Data provided
####################

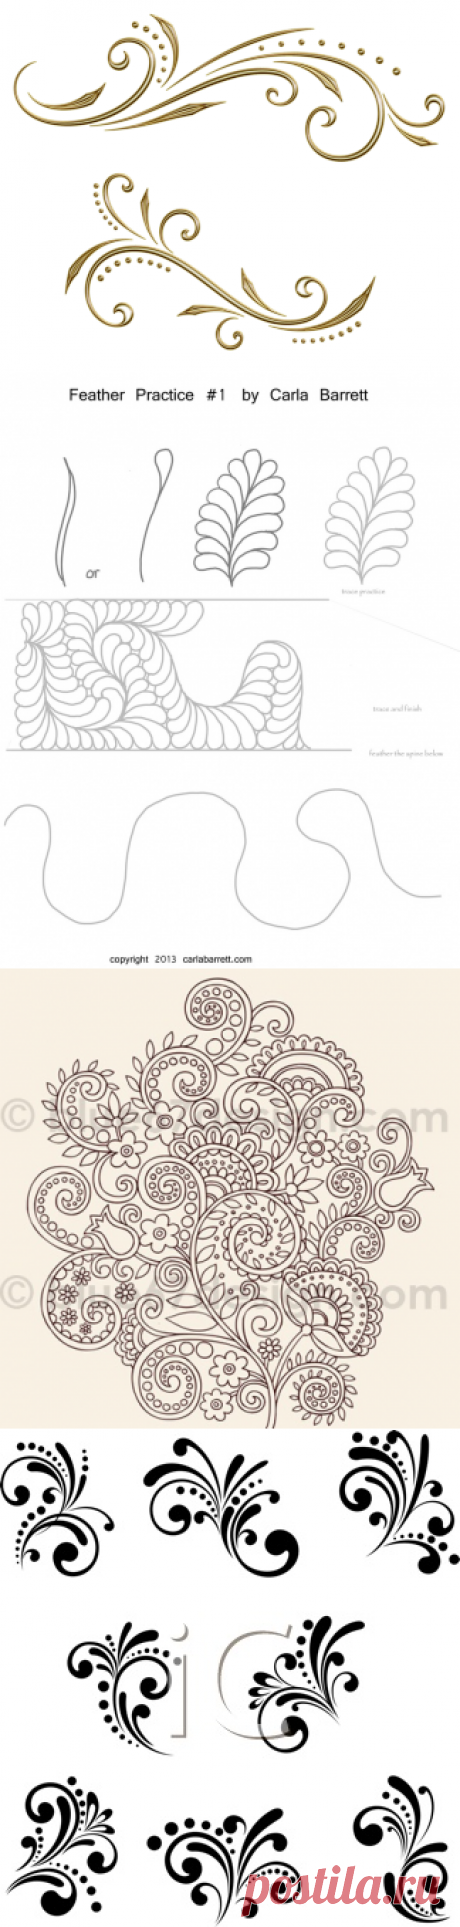 Шаблоны для рисования узоров. Doodling
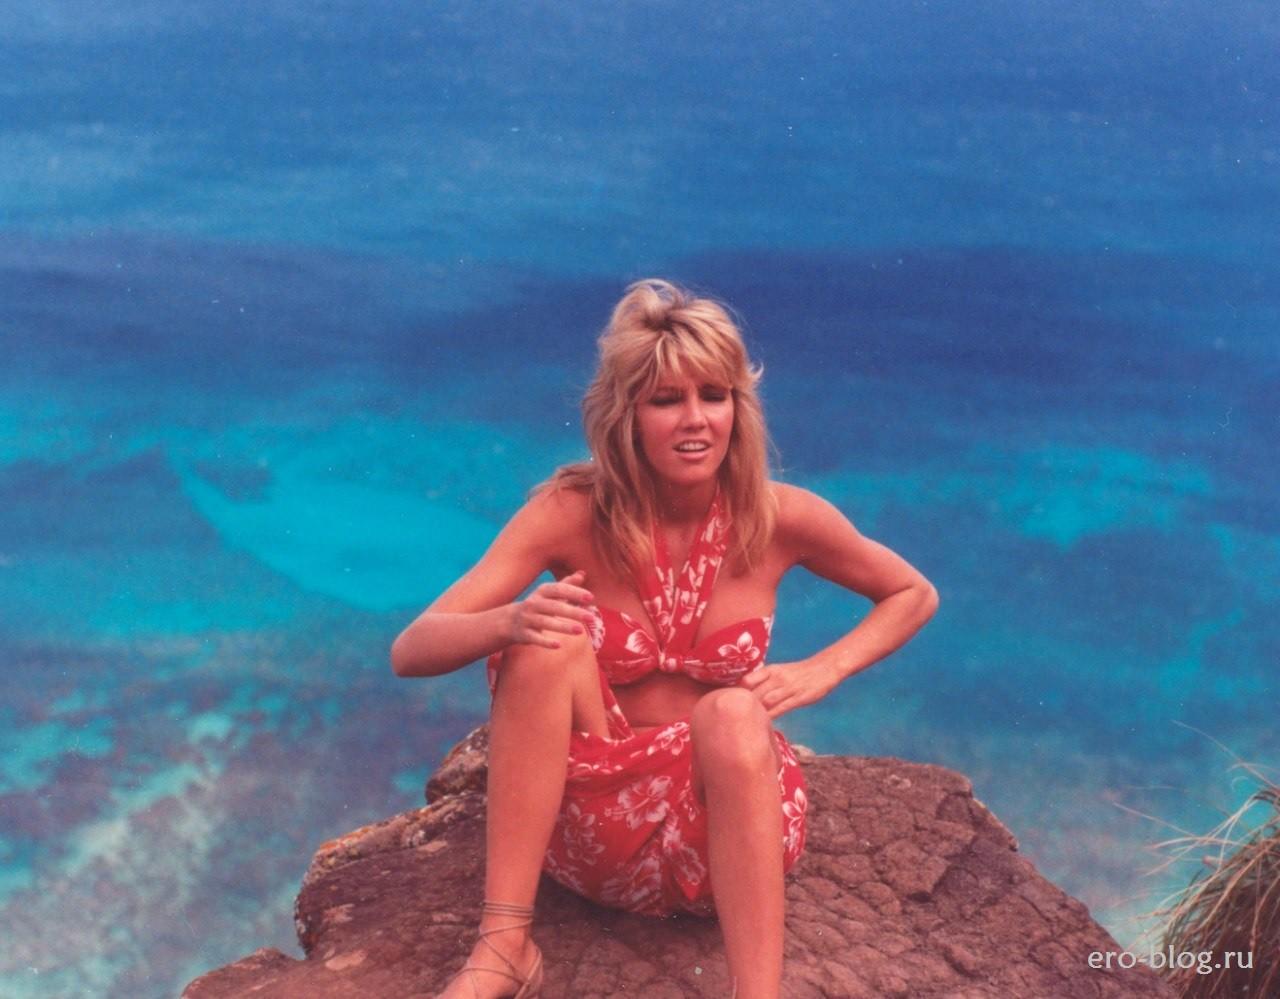 Голая обнаженная Heather Locklear | Хизер Локлир интимные фото звезды
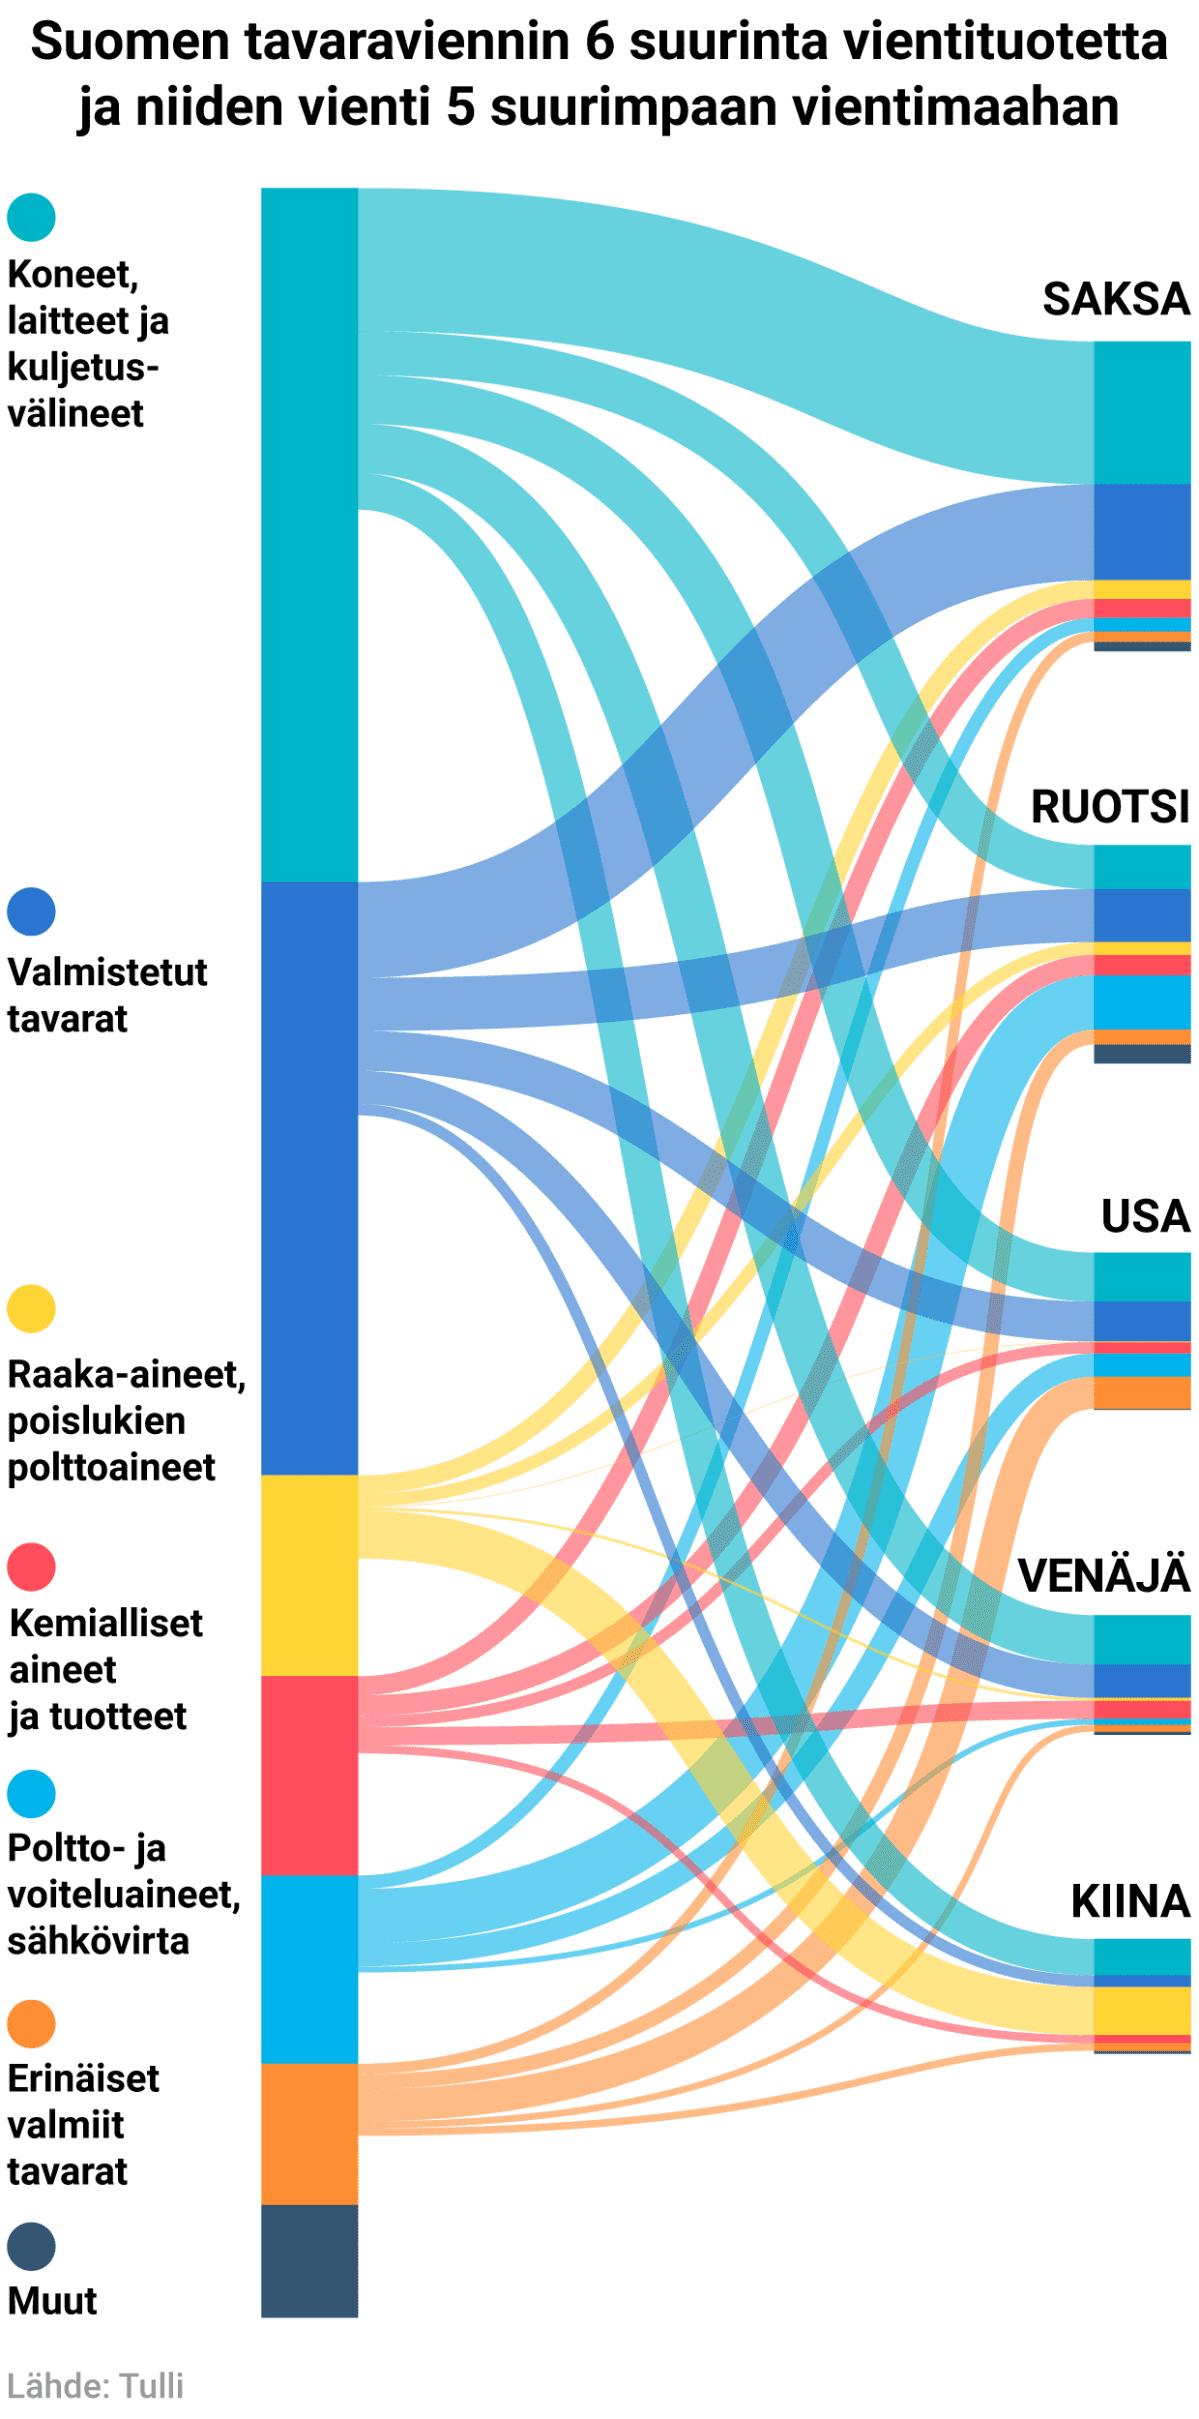 Suomen tavaraviennin 6 suurinta vientituotetta ja niiden vienti 5 suurimpaan vientimaahan

####################

Task to complete
Please retype the whole of the data precisely, omitting pictures.

Solution to this task
 Шаблоны для рисования узоров. Doodling
 Голая обнаженная Heather Locklear | Хизер Локлир интимные фото звезды
 Suomen tavaraviennin 6 suurinta vientituotetta ja niiden vienti 5 suurimpaan vientimaahan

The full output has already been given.